◆ **YOUR ASSIGNMENT**
Since the records include pictures, leave those out while you reproduce exactly and only the lines from the one containing "Floral Crepe Print" through the one containing "consuming digital media on a smartphone", inclusive.

◆ **INFORMATION GIVEN**
=====

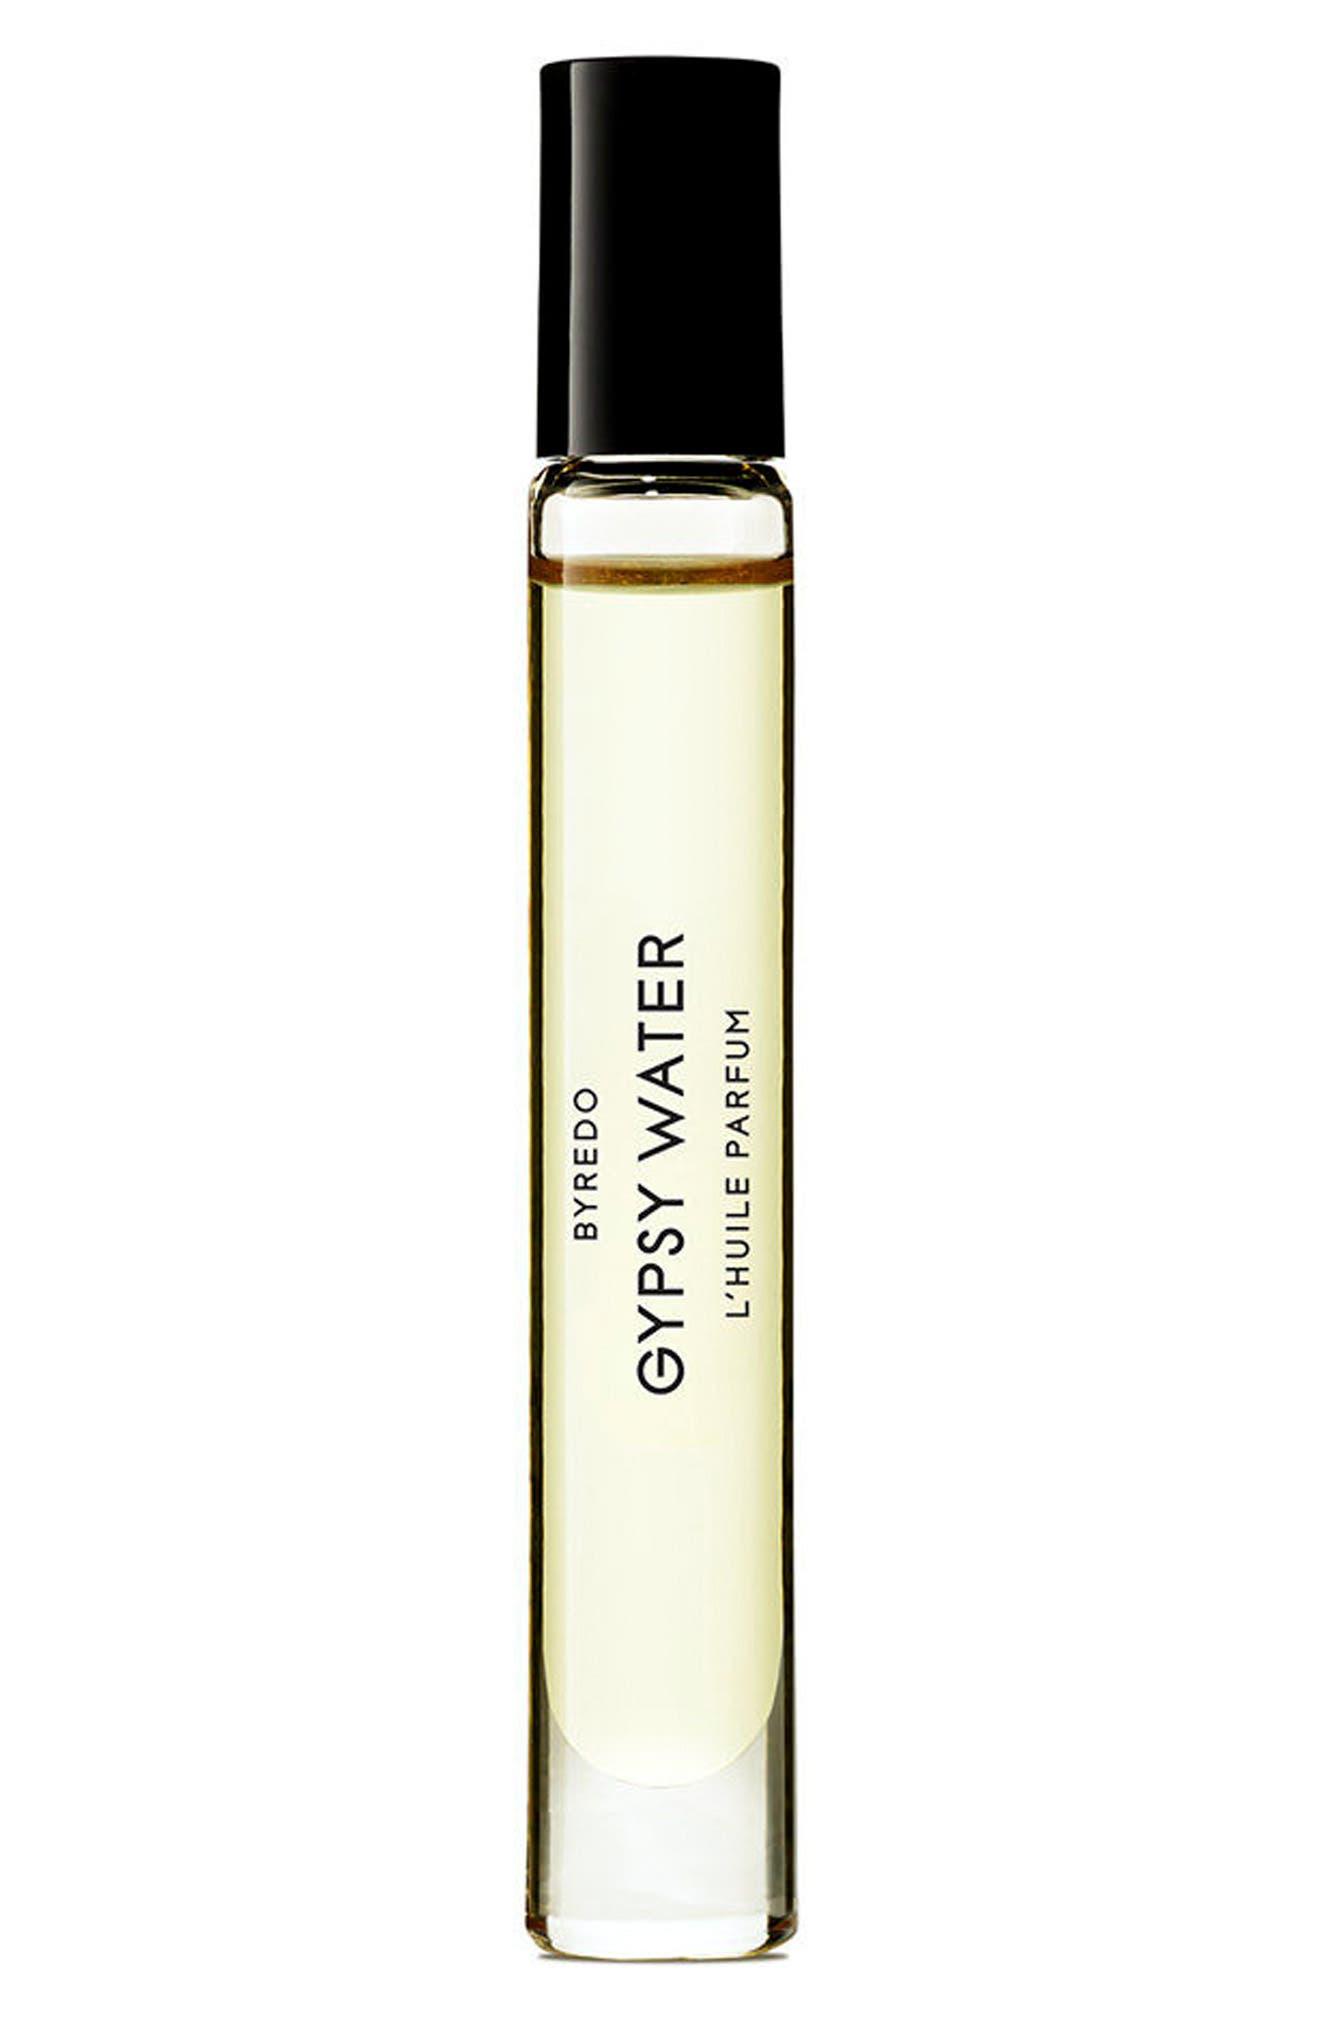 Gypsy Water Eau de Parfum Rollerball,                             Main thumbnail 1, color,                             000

=====

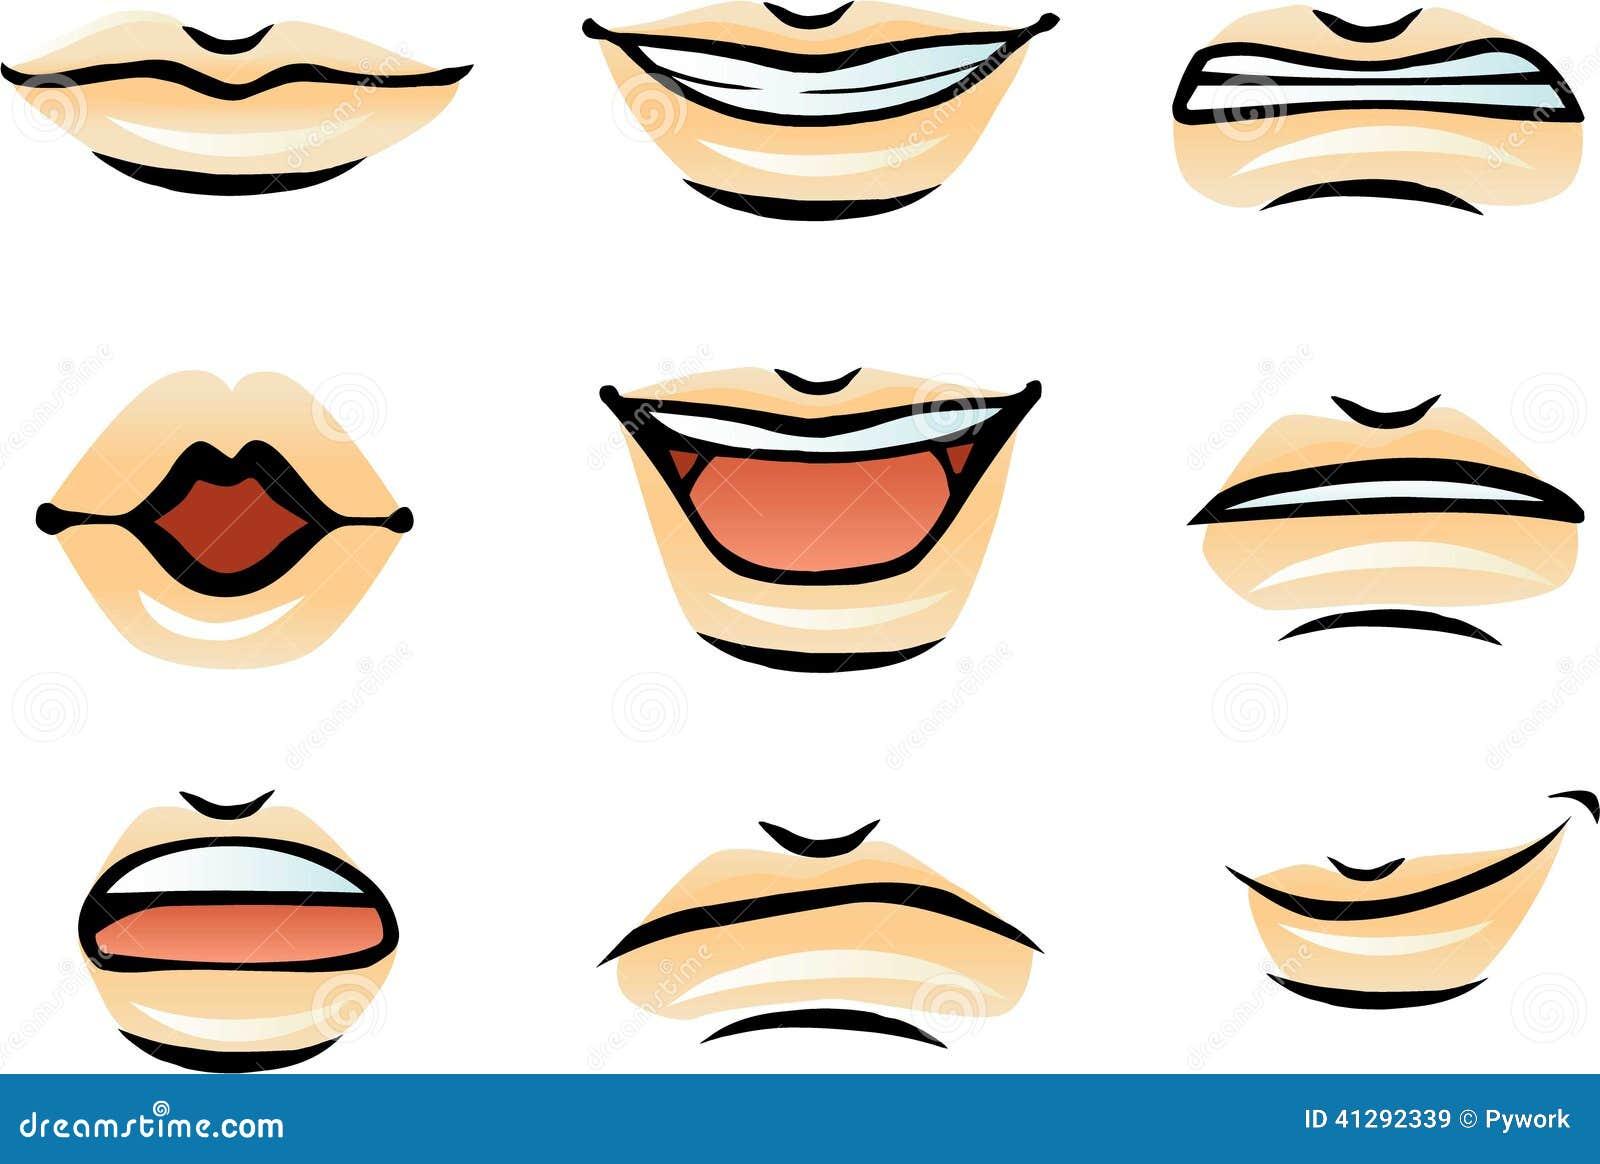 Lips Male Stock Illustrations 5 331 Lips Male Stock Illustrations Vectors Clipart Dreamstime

=====

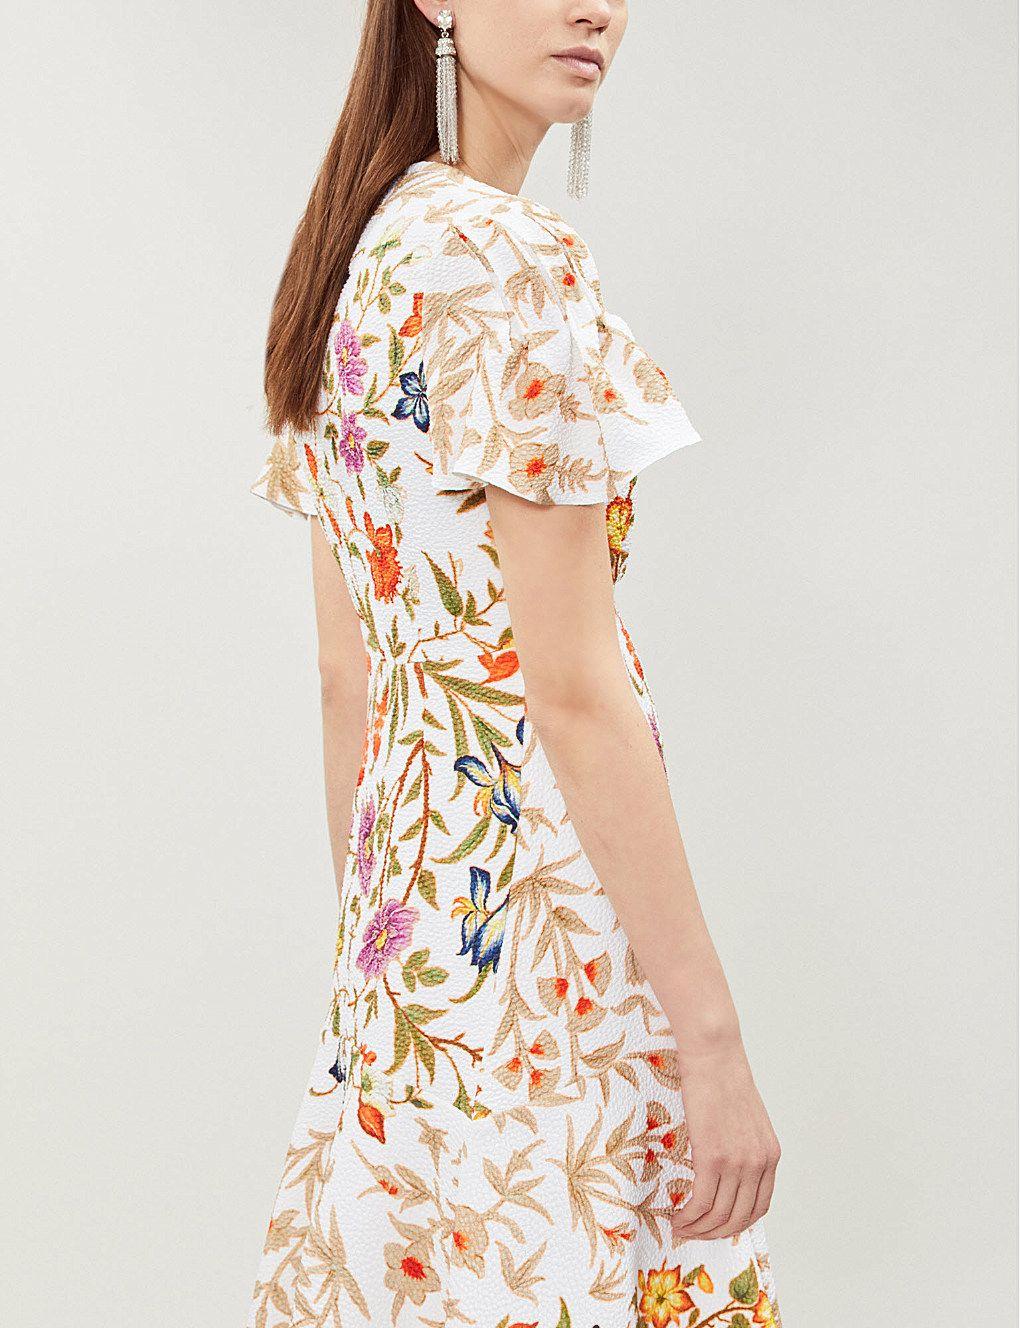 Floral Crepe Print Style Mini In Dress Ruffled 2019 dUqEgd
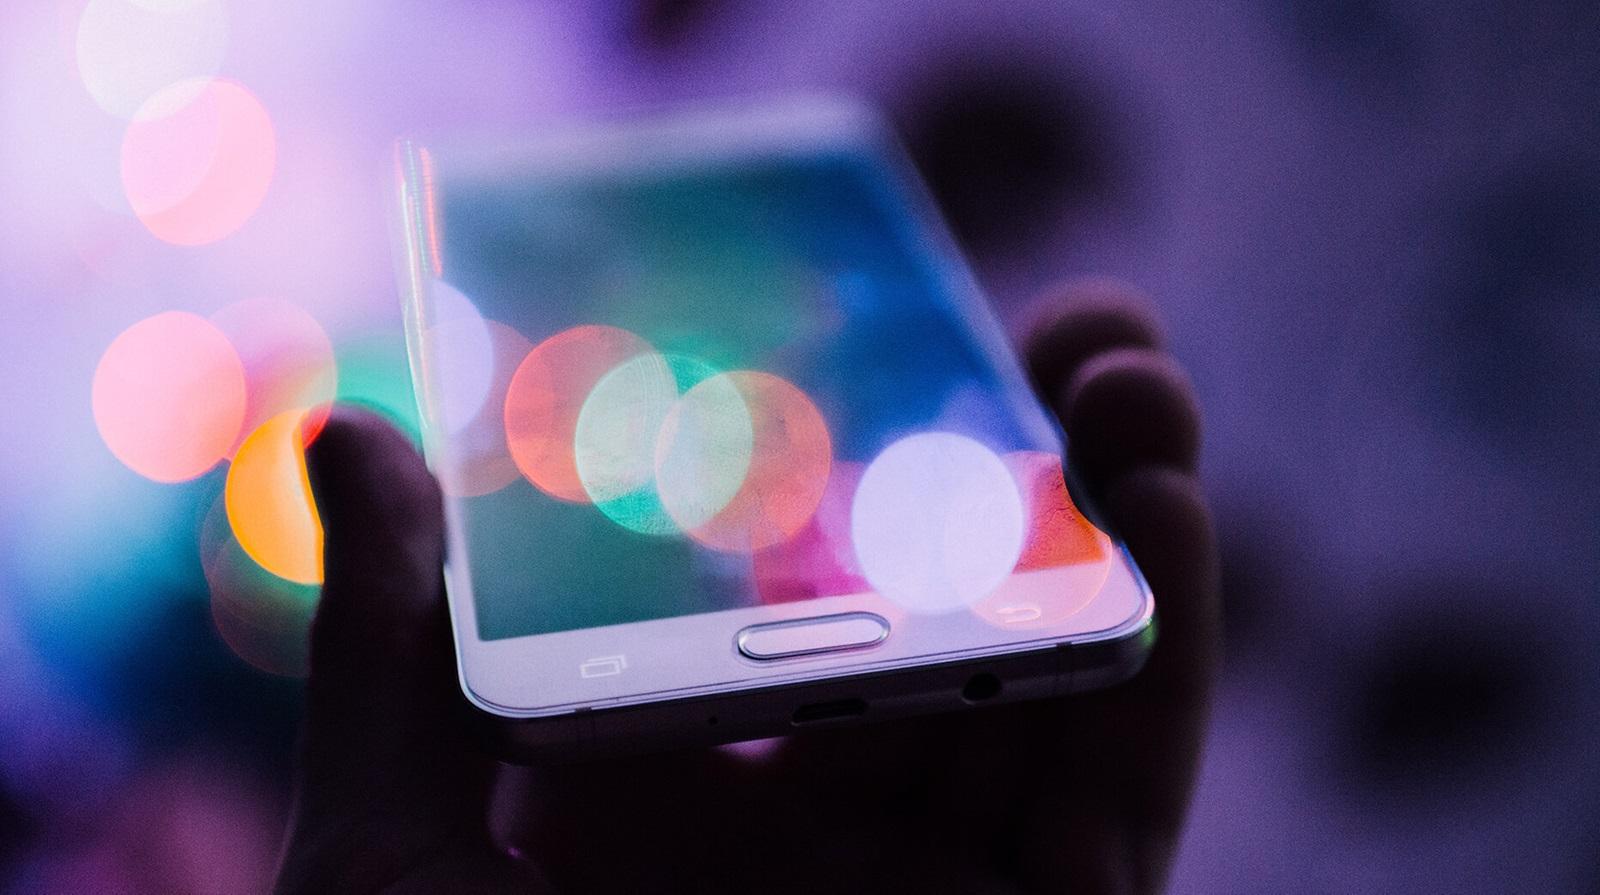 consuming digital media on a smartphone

=====

◆ **EXPECTED OUTPUT**
 Floral Crepe Print Style Mini In Dress Ruffled 2019 dUqEgd
 consuming digital media on a smartphone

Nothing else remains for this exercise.